Tag Archives: John Deere

Happy Jack: A Review of Our Boys

It may just be me…   Sometimes with non-fiction sports stories – especially ones that are intended to be inspirational – I feel like I can’t get any traction as a reader.   They start off slowly and I tend to wait and wait and wait and wait, thinking they’ll speed up and the excitement will hit me.   I had this problem with the book version of Friday Night Lights.   I bought the trade paperback while on vacation thinking the read would fly by.   Instead, I plodded and crawled my way through the story and somehow never located the part where it sped up.

Sadly, The Boys… is a very Friday Night… like tale.   It’s a non-fiction account chronicled by an on-leave newspaper reporter of his year spent with a high school’s football team on the plains of Kansas.   OK, if this makes your heart beat faster it may be a book for your vacation.   (Beware that the words wheat and wheat fields are used a lot.)Our Boys (large)

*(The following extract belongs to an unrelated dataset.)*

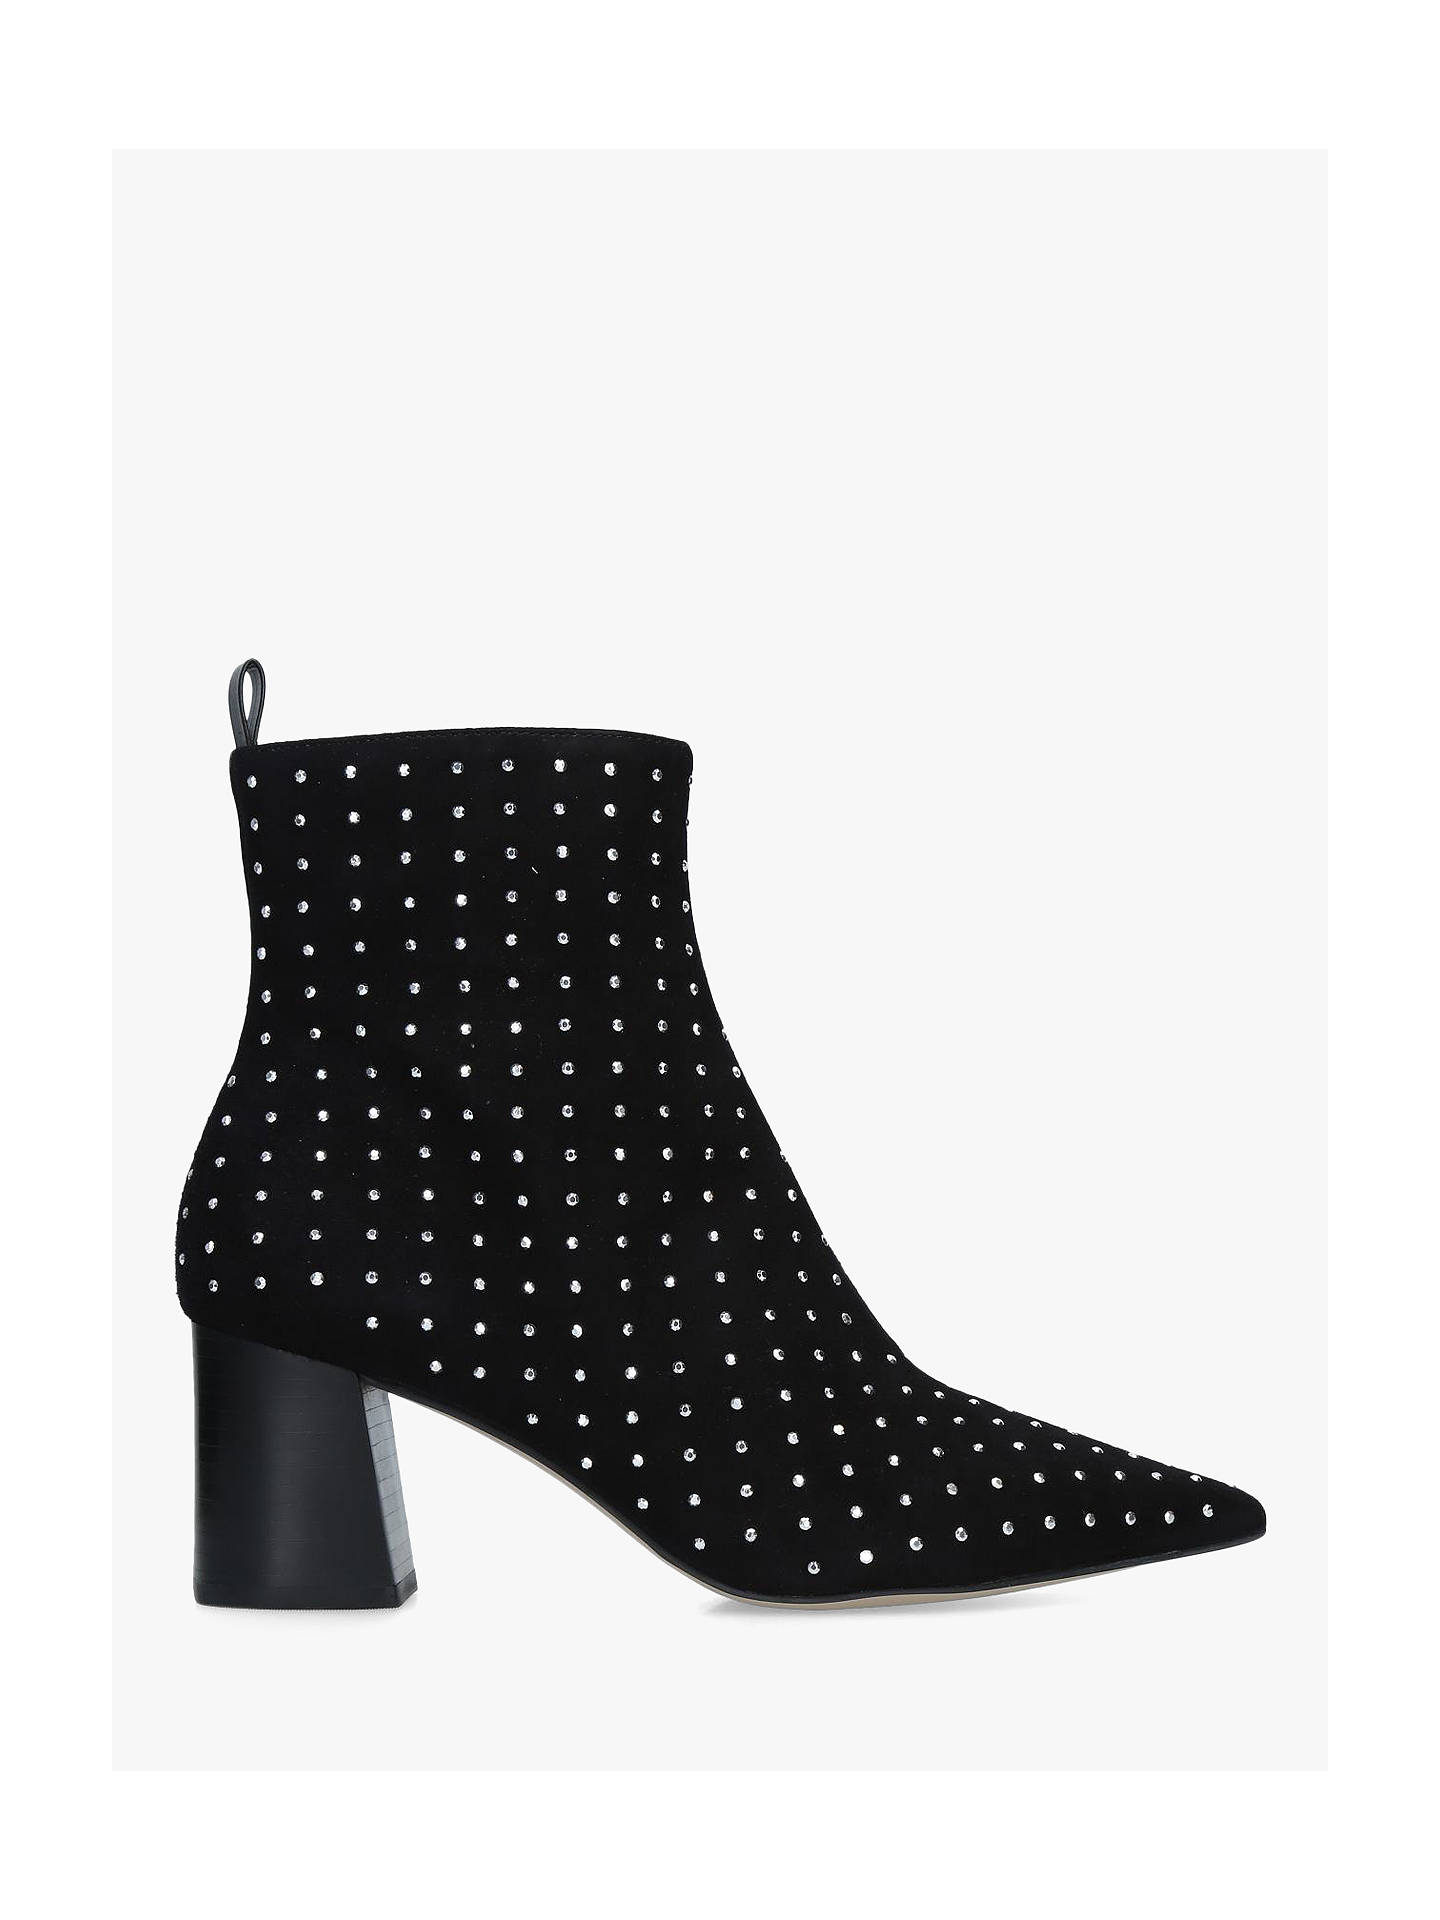 f9120439a8 Carvela Glitter Suede Block Heel Ankle Boots, Black at John Lewis ...
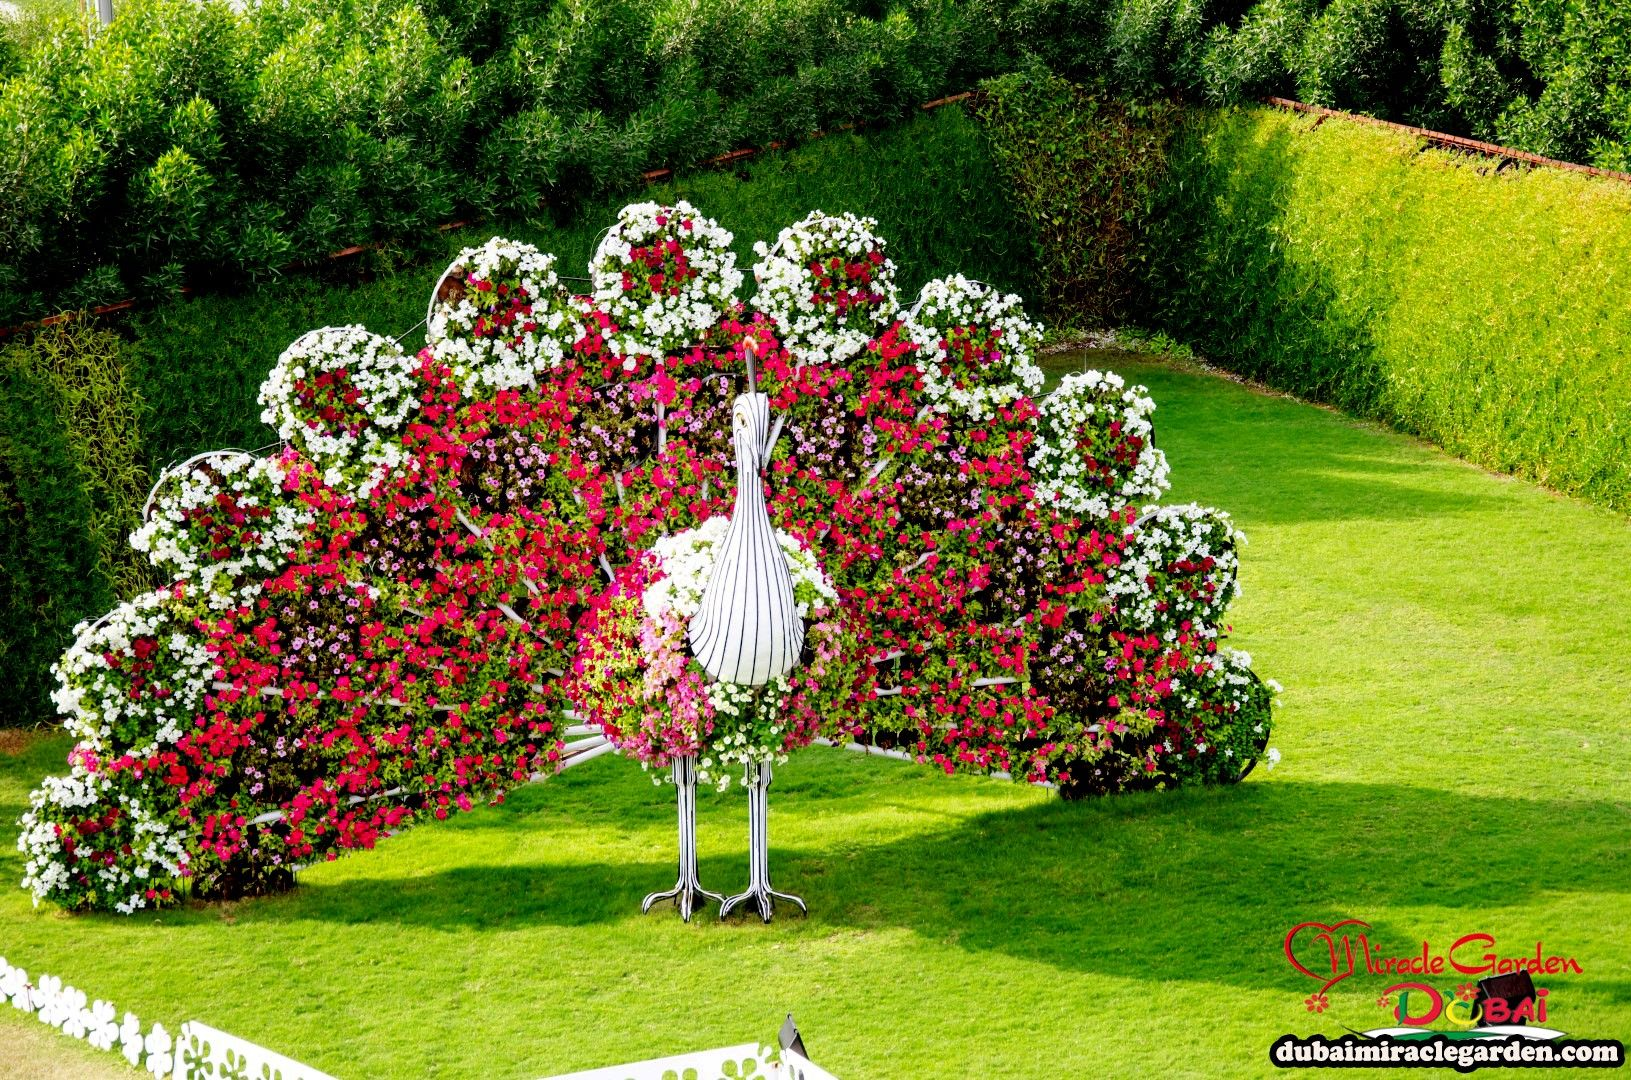 Dubai miracle garden the worlds biggest natural flower

Perhaps part of the problem for me is that I was reading a galley/advanced reading copy of Our Boys.   There were no teaser quotes on the front or back cover – or even inside – stating things like, “The most inspirational youth sports story of the decade!” or “This is Drape’s youth sports masterpiece!”   Galleys can be a bit dull.

Then there’s Drape’s factual reporting style.   Here’s a sample:  “The coaches’ office…  was not much to look at – blue lockers on one wall and across from them a long desk fashioned from plywood and file cabinets.   Its top was buried under papers…   Beneath it were boxes full of jerseys and T-shirts and rolls of tape.   Scouting reports dating back five years were in red binders and lined the sleeves.”   Does this make you want to know what happened next?

To be fair, the author himself notes that the Smith Center football coach was hard for reporters to cover as his proclamations “rarely veered from too familiar themes.”   Oh, the coach would say that his team respected every opponent while fearing none; he’d also praise the opponents for playing hard.

In summary, I had hopes that this true life story would offer some fun like a ride in a Volkswagen GTI.   Instead it was a ride in a John Deere Harvester as it plowed through Kansas wheat fields, never quite managing to speed up.